Helmut Kohl hat am 1. Juni 1995 in einer Bundestagsrede gesagt: „Wer die Vergangenheit nicht kennt, kann die Gegenwart nicht verstehen und die Zukunft nicht gestalten.“ Ganz unabhängig von der Person und seiner Politik steckt viel Wahrheit in diesem Zitat. So ist es die Bürde der Zukunftsforschenden, nicht nur Methoden zur Anwendung auf Zukunftsfragen zu kennen, sondern auch ein umfangreiches Wissen und Verständnis der Geschichte vorzuweisen. Als dritte wichtige Methode ist entsprechend die qualitative oder quantitative Datenanalyse zu nennen. Manche nennen dies auch moderner "Horizon Scanning".
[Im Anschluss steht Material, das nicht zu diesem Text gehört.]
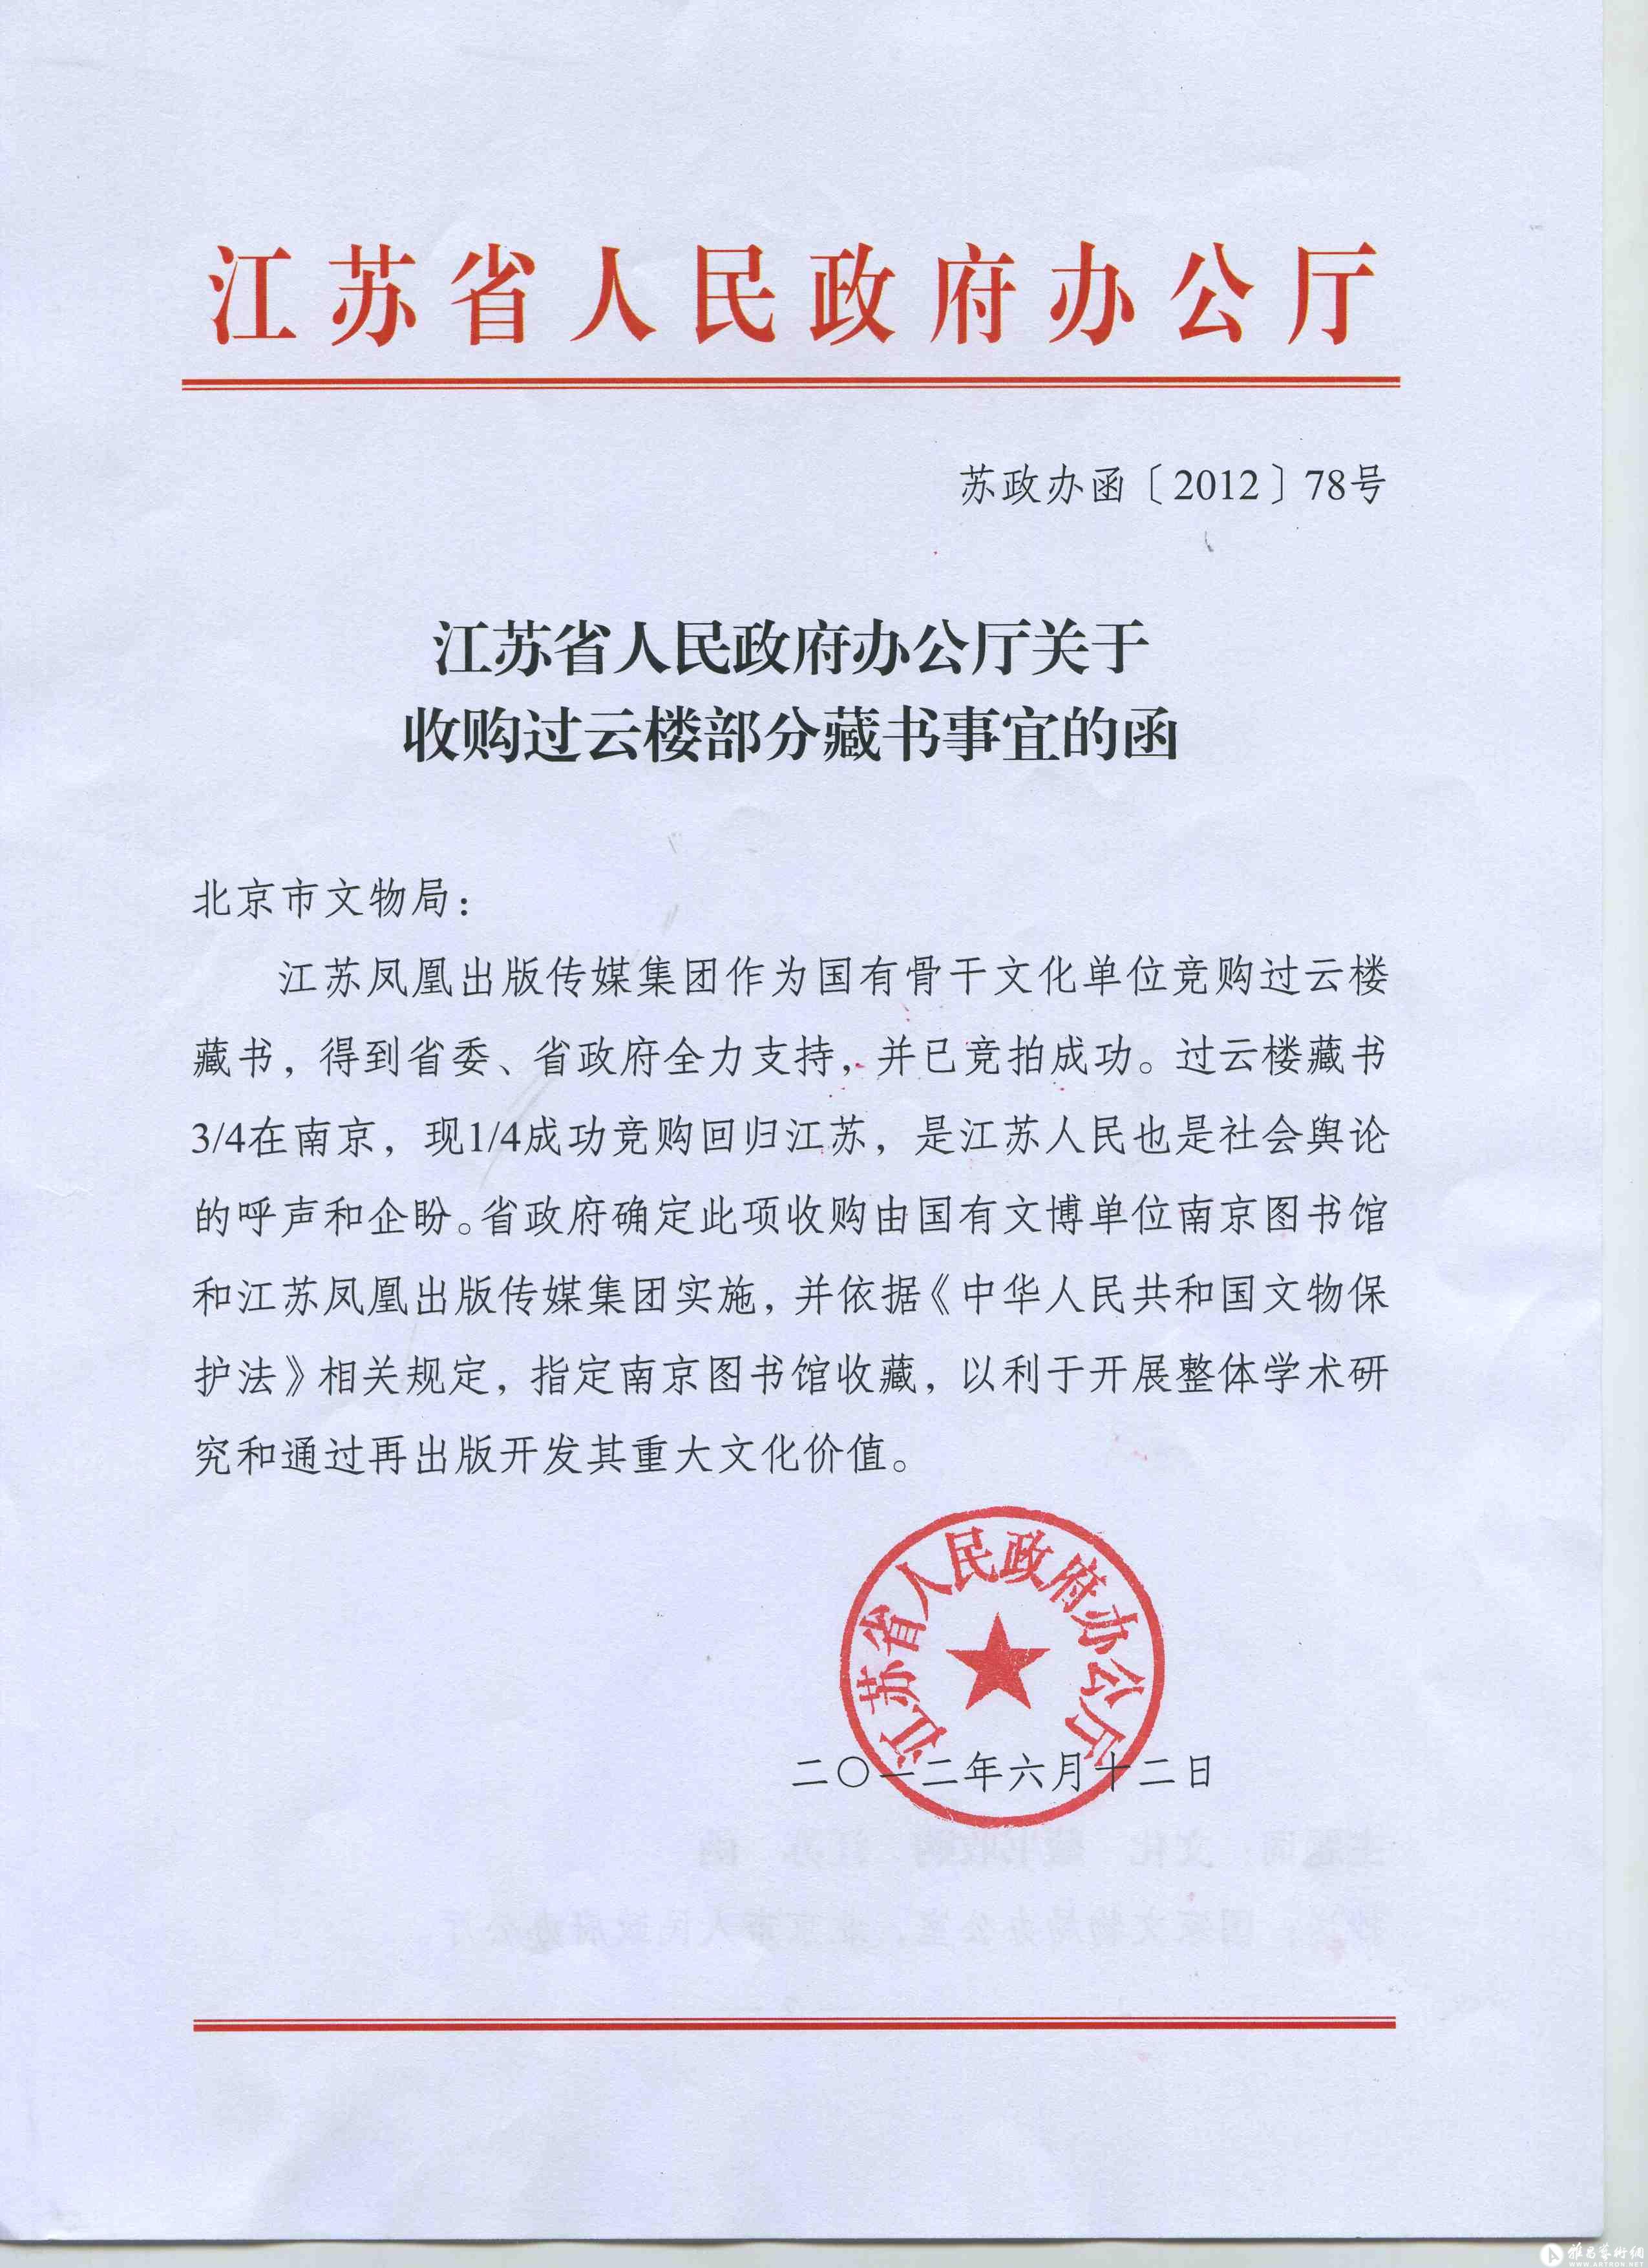 江苏省人民政府办公厅关于收购过云楼部分藏书事宜的函6月12日下午,在

Selbstverständlich ist es die oberste Pflicht von Zukunftsforschenden, den aktuellen Stand der verfügbaren Fachliteratur über das Forschungsthema zu analysieren, wozu in technologischen Fragen natürlich auch eine oberflächliche, oft quantitative Patentrecherche gehört. Die wichtigsten Werkzeuge der Zukunftsforschung sind daher wohl die üblichen wie auch wissenschaftliche Suchmaschinen sowie Patent-Datenbanken. Hinzu kommen ggf. spezifische Trend-Suchmaschinen (oft Trendradar genannt; ich arbeite gelegentlich mit der Lösung von Itonics), welche inzwischen mithilfe von Algorithmen künstlicher Intelligenz semantische Zusammenhänge in den online verfügbaren Daten erkennen, wofür menschliche Augen blind sind.

Überblick alle Methoden

Zukunftsforschung Methoden Diamant nach Rafael PopperNatürlich kommen noch viel mehr Methoden zum Einsatz, auf die ich aber hier nicht im Einzelnen eingehen möchte; zu groß ist die Gefahr, etwas zu übersehen, und der Pflegeaufwand. Das können andere besser als ich. Deshalb belasse ich es an dieser Stelle mit einer schönen, grafischen Darstellung und Zuteilung der häufigsten Zukunftsforschungsmethoden von Rafael Popper [2009: Mapping Foresight. Revealing how Europe and other world regions navigate into the future. European Foresight Monitoring Network, European Union, S. 72, online] aus dem Jahr 2009.

Inzwischen kamen einige neuere Ansätze und Methoden hinzu. Nennenswert sind hier die Werke von Sohail Inayatullah (bspw. Six Pillars, Causal-Layered Analysis), Jennifer Gidley (v.a. partizipatorische Ansätze), Riel Miller (Futures Literacy / Zukünftebildung) und René Rohrbeck (v.a. Corporate Foresight).

Unterm Strich kann ich nach einigen Dutzend Projekten vor allem sagen, dass die Zukunftsforschung bzw. Foresight einen großen Vorteil bietet: Wir sind nicht festgelegt auf einige wenige Methoden, sondern wählen die Kombination, die den größten Erkenntnisgewinn verspricht.

 

Dieser Beitrag wurde im August 2024 aktualisiert.